# Make "Serious & Life Changing Money" ???



## Razmataz Buckshank (Jun 5, 2015)

I am an Uber driver in Austin. While putting in work yesterday I heard a radio ad from Uber recruiting new drivers and it actually made the statement , "earn serious and life-changing money." My first reaction was laughter at the ridiculousness of that statement , then , slowly my laughter turned into tears as I realized that I was one of those poor moops that fell fell for a similar statement. 

I was curious to see how many other Uber X drivers Heard that radio ad and if so what was your reaction?


----------



## UberRidiculous (May 19, 2015)

Razmataz Buckshank said:


> I am an Uber driver in Austin.
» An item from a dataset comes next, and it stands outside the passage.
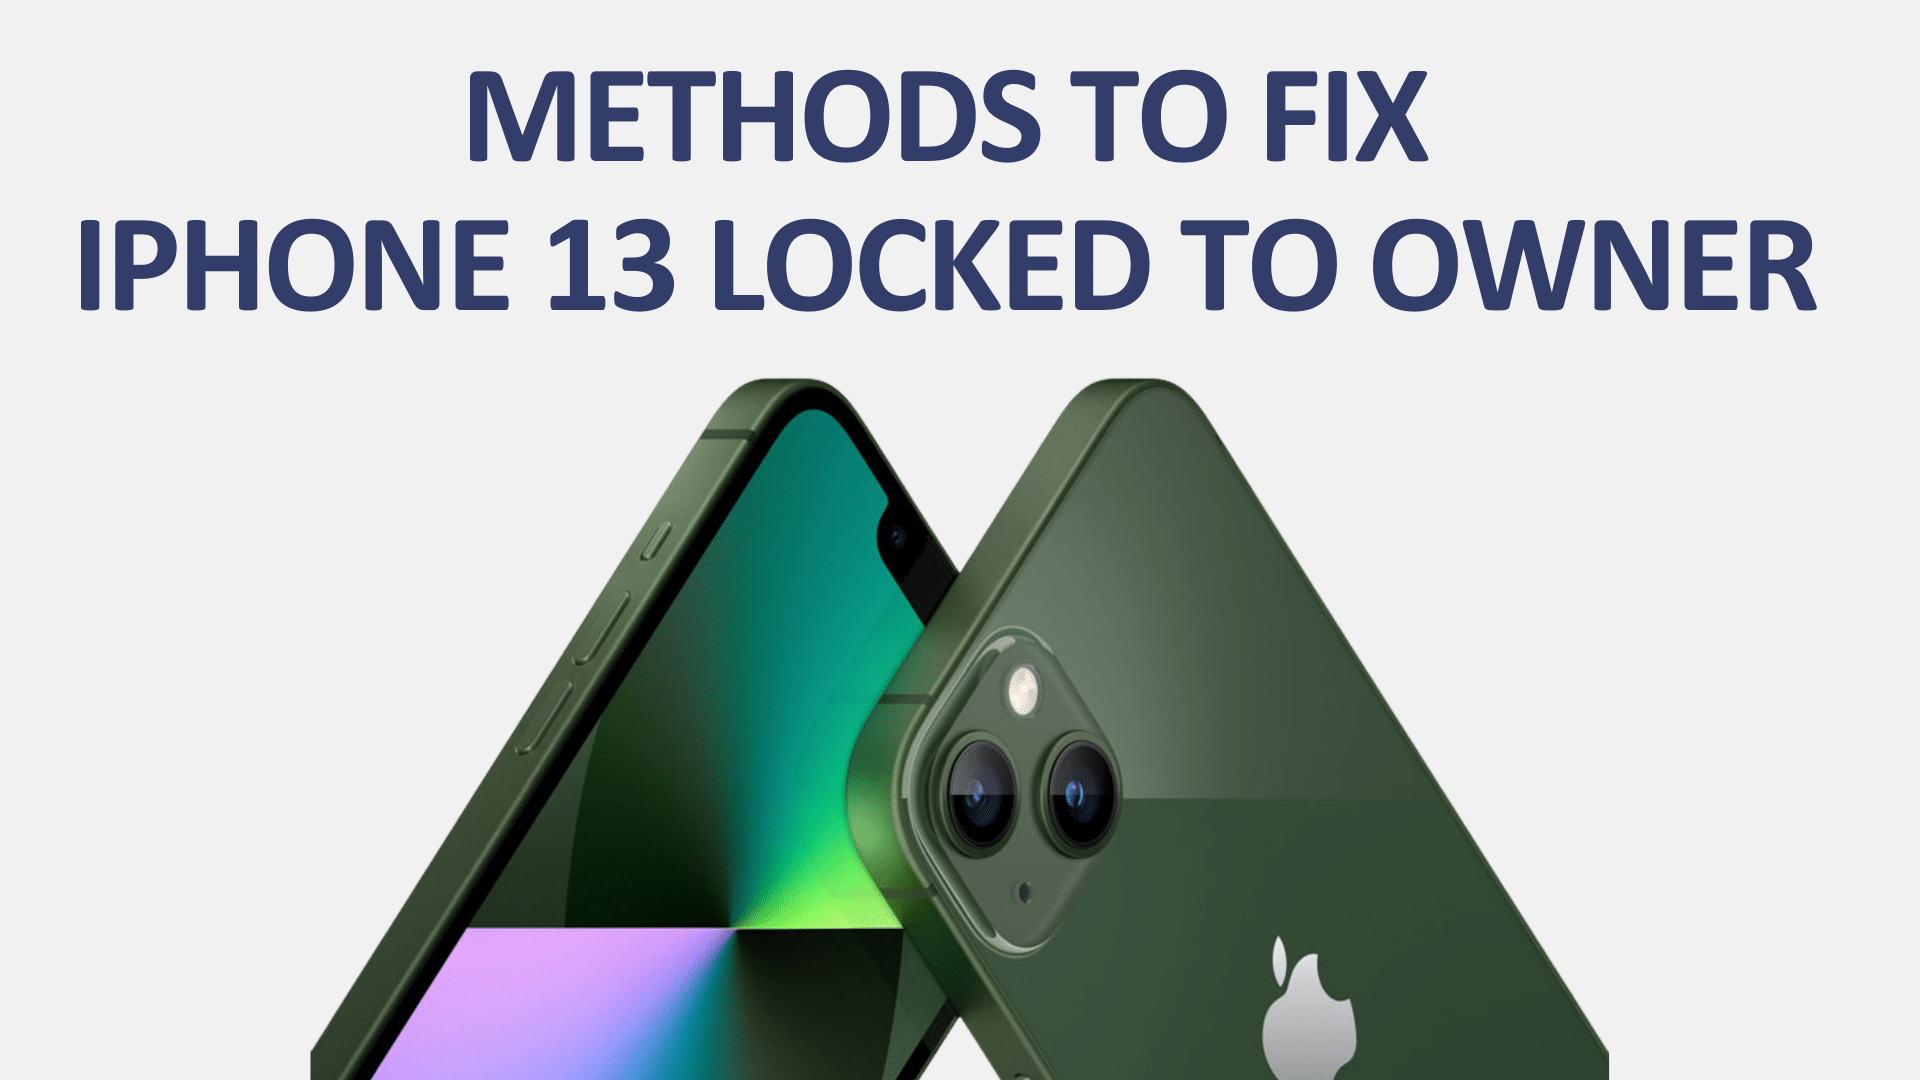 Methods to Fix iPhone 13 Locked to Owner Message

While putting in work yesterday I heard a radio ad from Uber recruiting new drivers and it actually made the statement , "earn serious and life-changing money." My first reaction was laughter at the ridiculousness of that statement , then , slowly my laughter turned into tears as I realized that I was one of those poor moops that fell fell for a similar statement.
> 
> I was curious to see how many other Uber X drivers Heard that radio ad and if so what was your reaction?


Haven't heard it BUT ROF LMFAO!


----------



## Razmataz Buckshank (Jun 5, 2015)

If uber thinks that making minimum-wage while destroying your car is life-changing money, then what the hell did they think I did for a living before driving for them?


----------



## Razmataz Buckshank (Jun 5, 2015)

Holy crap, I think I figured it all out ! That is actually a very true statement, you will make serious, life-changing money. Expect to make seriously little money and it will be life-changing because you will be broke as a Hillary joke.


----------



## BostonTaxiDriver (Nov 23, 2014)

Same ad in Boston.

Note how no exact earnings are mentioned anymore.
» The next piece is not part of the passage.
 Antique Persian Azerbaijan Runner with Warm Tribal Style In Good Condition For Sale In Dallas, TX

At least prior ones claimed: "I can make $500 or even $5,000 each month!"

Lyft is also airing ads on Boston radio.


----------



## hanging in there (Oct 1, 2014)

Razmataz Buckshank said:


> I am an Uber driver in Austin. While putting in work yesterday I heard a radio ad from Uber recruiting new drivers and it actually made the statement , "earn serious and life-changing money." My first reaction was laughter at the ridiculousness of that statement , then , slowly my laughter turned into tears as I realized that I was one of those poor moops that fell fell for a similar statement.
> 
> I was curious to see how many other Uber X drivers Heard that radio ad and if so what was your reaction?


Same reaction here... I was thinking "Now that I drive for Uber, I'm living in a VAN, Down by the RIVER! Before that, I was living under the bridge down by the river! Now that's what I call SERIOUS and LIFE-CHANGING!"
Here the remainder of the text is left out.